HPCPipeline¶

The HPCPipeline class is part of the framework3.plugins.pipelines.parallel module and is designed to facilitate high-performance computing (HPC) tasks within the framework. This pipeline is optimized for parallel processing, allowing for efficient execution of complex workflows across distributed systems.

Module Contents¶

`framework3.plugins.pipelines.parallel.parallel_hpc_pipeline` ¶

`HPCPipeline` ¶

Bases: ParallelPipeline

High Performance Computing Pipeline using MapReduce for parallel feature extraction.

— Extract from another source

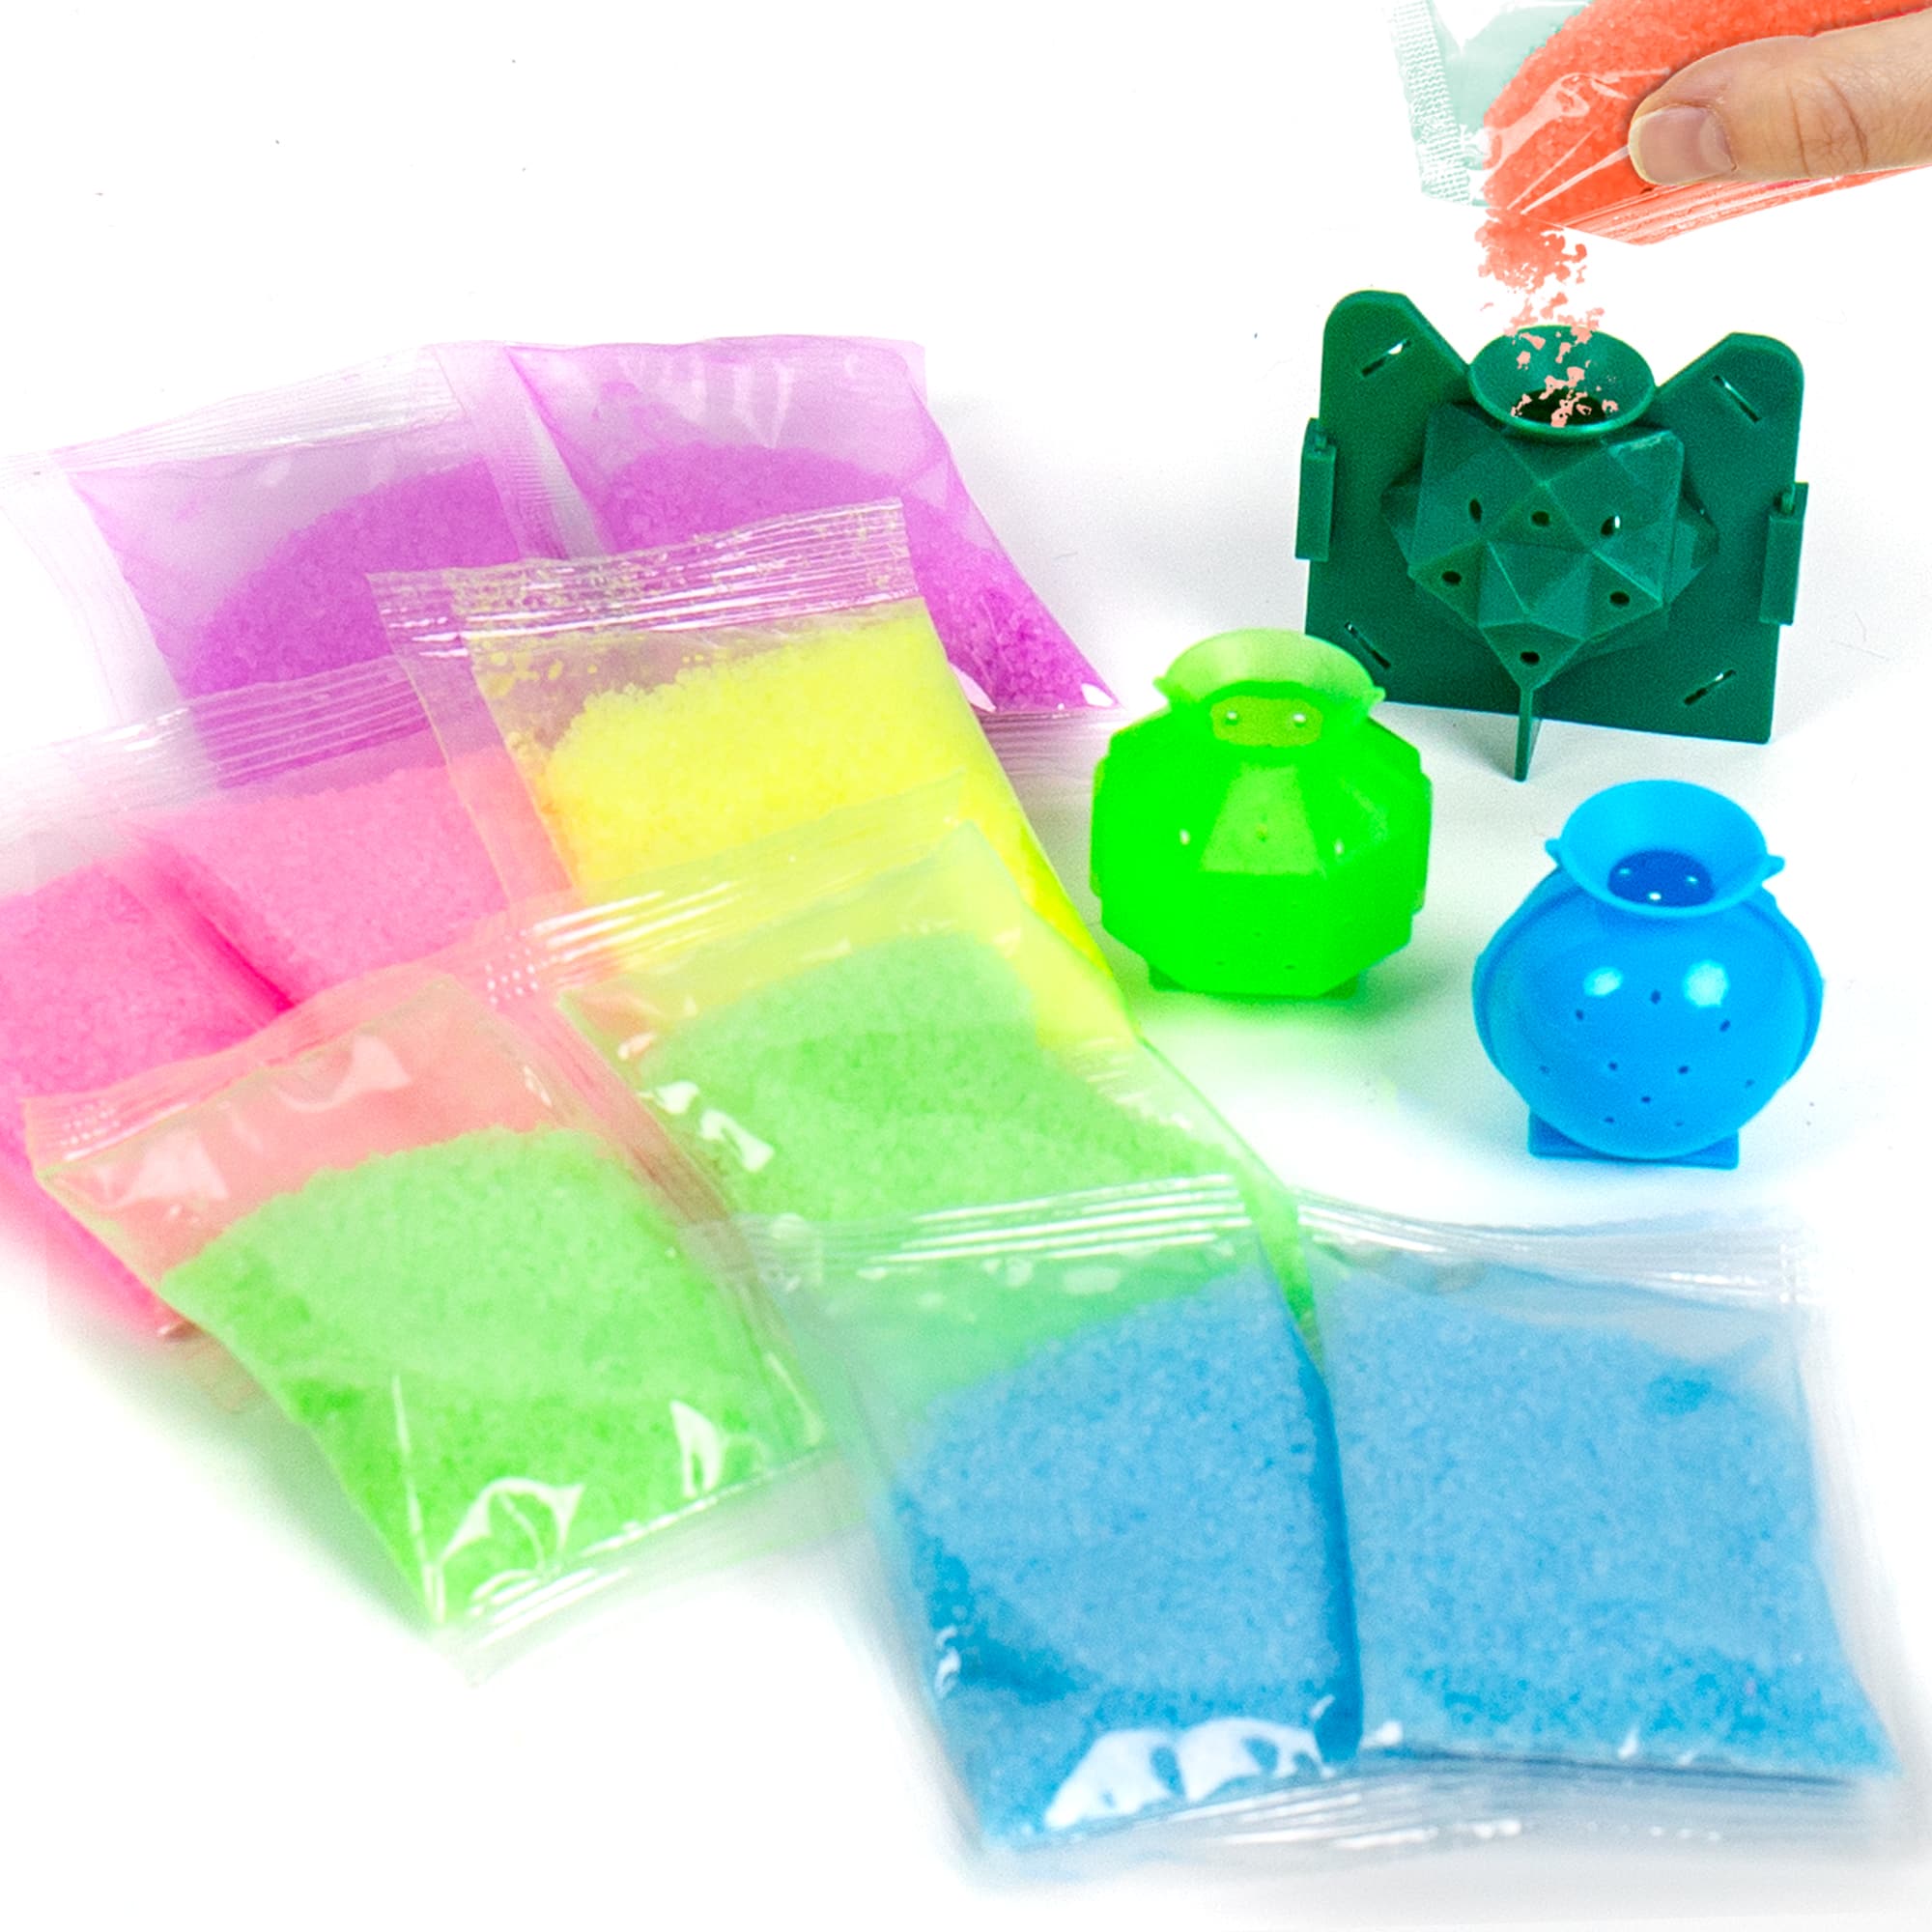 Color Zone&#xAE; Create Your Own Power Balls

This pipeline applies a sequence of filters to the input data using a MapReduce approach, enabling parallel processing and potentially improved performance on large datasets.

Key Features

Parallel processing of filters using MapReduce
Scalable to large datasets
Configurable number of partitions for optimization

Usage

from framework3.plugins.pipelines.parallel import HPCPipeline
from framework3.base import XYData

filters = [Filter1(), Filter2(), Filter3()]
pipeline = HPCPipeline(filters, app_name="MyApp", master="local[*]", numSlices=8)

x_data = XYData(...)
y_data = XYData(...)

pipeline.fit(x_data, y_data)
predictions = pipeline.predict(x_data)

Attributes:

Name	Type	Description
`filters`	`Sequence[BaseFilter]`	A sequence of filters to be applied to the input data.
`numSlices`	`int`	The number of partitions to use in the MapReduce process.
`app_name`	`str`	The name of the Spark application.
`master`	`str`	The Spark master URL.

Methods:

Name	Description
`fit`	XYData, y: Optional[XYData]): Fit the filters in parallel using MapReduce.
`predict`	XYData) -> XYData: Make predictions using the fitted filters in parallel.
`evaluate`	XYData, y_true: XYData \| None, y_pred: XYData) -> Dict[str, Any]: Evaluate the pipeline using provided metrics.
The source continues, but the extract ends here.